The barrier reef that surrounds Key West ensures placid water and very little sand.

 

Holden Beach, N.C.

I grew up a Sunday afternoon’s drive from the towering sand dunes of Holden Beach. We’d park the car — mom, dad and five siblings under 10 — check both ways, sprint across the soft, sun-hot, barely-two-lane asphalt beach road with its non-existent traffic, then hike miles up and over the dunes and across the sand to THE BEACH. With shells.

It wasn’t miles. I know that now. But, it was a long way. A long way up, down and across. No houses. No boardwalks. No nothing except the sand mountains, some sea grass, a fishing pier and a sparse handful of similar 1950s families. We’d paddle and dig and almost drown in the riptides. We’d argue and whine and then sleep in the car, piled together like a litter of sticky, sandy kittens.
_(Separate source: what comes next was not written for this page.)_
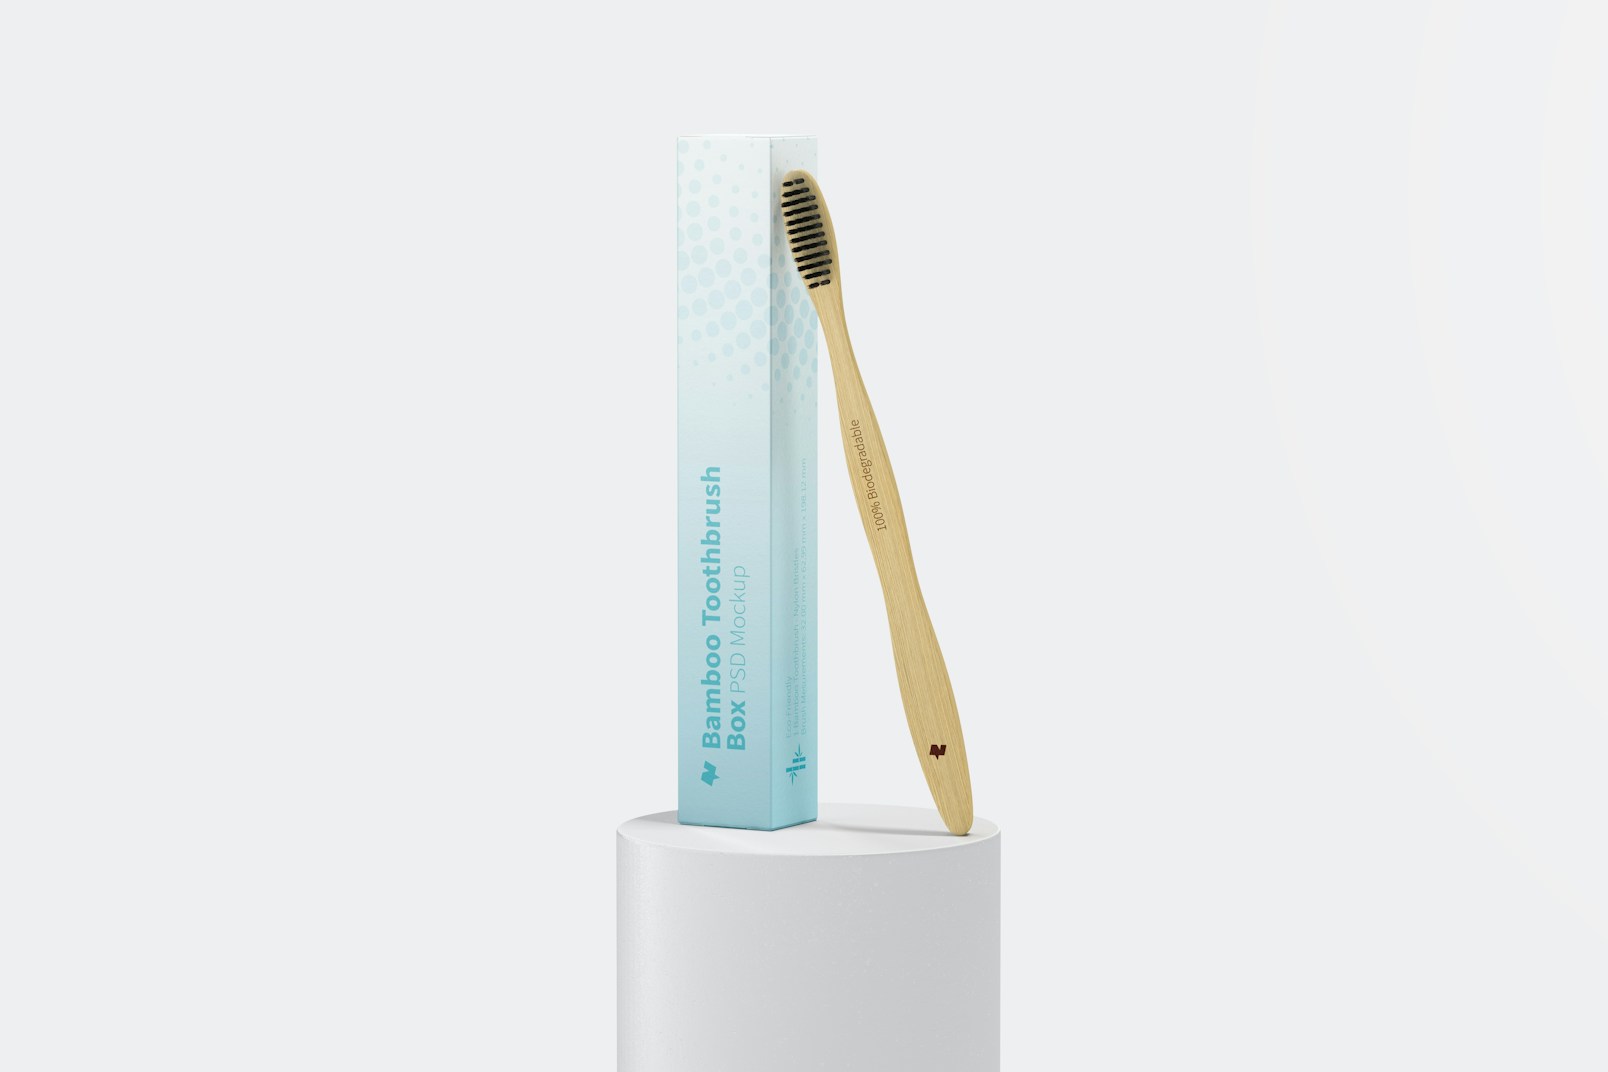 Bamboo Toothbrush with Box on Surface Mockup

So begins my six-decade ocean love affair.

It’s a shared love affair, of course. Millions of us plant our toes in the water and our butts in the sand (with apologies to Zac Brown for a bit of literary license) for vacations or forever. Like poet John Masefield, we “must go down to the seas again, to the lonely sea and the sky.”

We’ve built our houses on top of the dunes, paved over the wetlands and we’ve insisted on our amenities. One really must have a super store and a gourmet grocer close at hand. We did it because we loved being at the beach, and we’re close on killing it with our love.

I’m going to stroll on down my sandy memories, but as I do, I ask this of myself, of you: If we can’t — or won’t — find ways to protect our beaches from ourselves, to step back from the water’s very edge by refusing to rebuild what has destroyed the dunes, the natural barriers to hurricane wind and surges, there will be no beaches left for our butts, our toes, or our memories.

From Holden Beach to the annual teenage girl’s pilgrimage to Atlantic Mecca — Myrtle Beach. Rebels and Redcoats playing slow dance music at the pavilion. Baby oil and iodine. Peggy burned so badly she had blisters along the waistline of her (1960s discreet) bikini. Lots of boys, especially the scary kind one’s parents frowned upon. My 15-year-old self wrote my parents that I thought perhaps I’d go back to Augusta, GA, with one of those boys rather than come home. To their credit, they barely flinched. I went home.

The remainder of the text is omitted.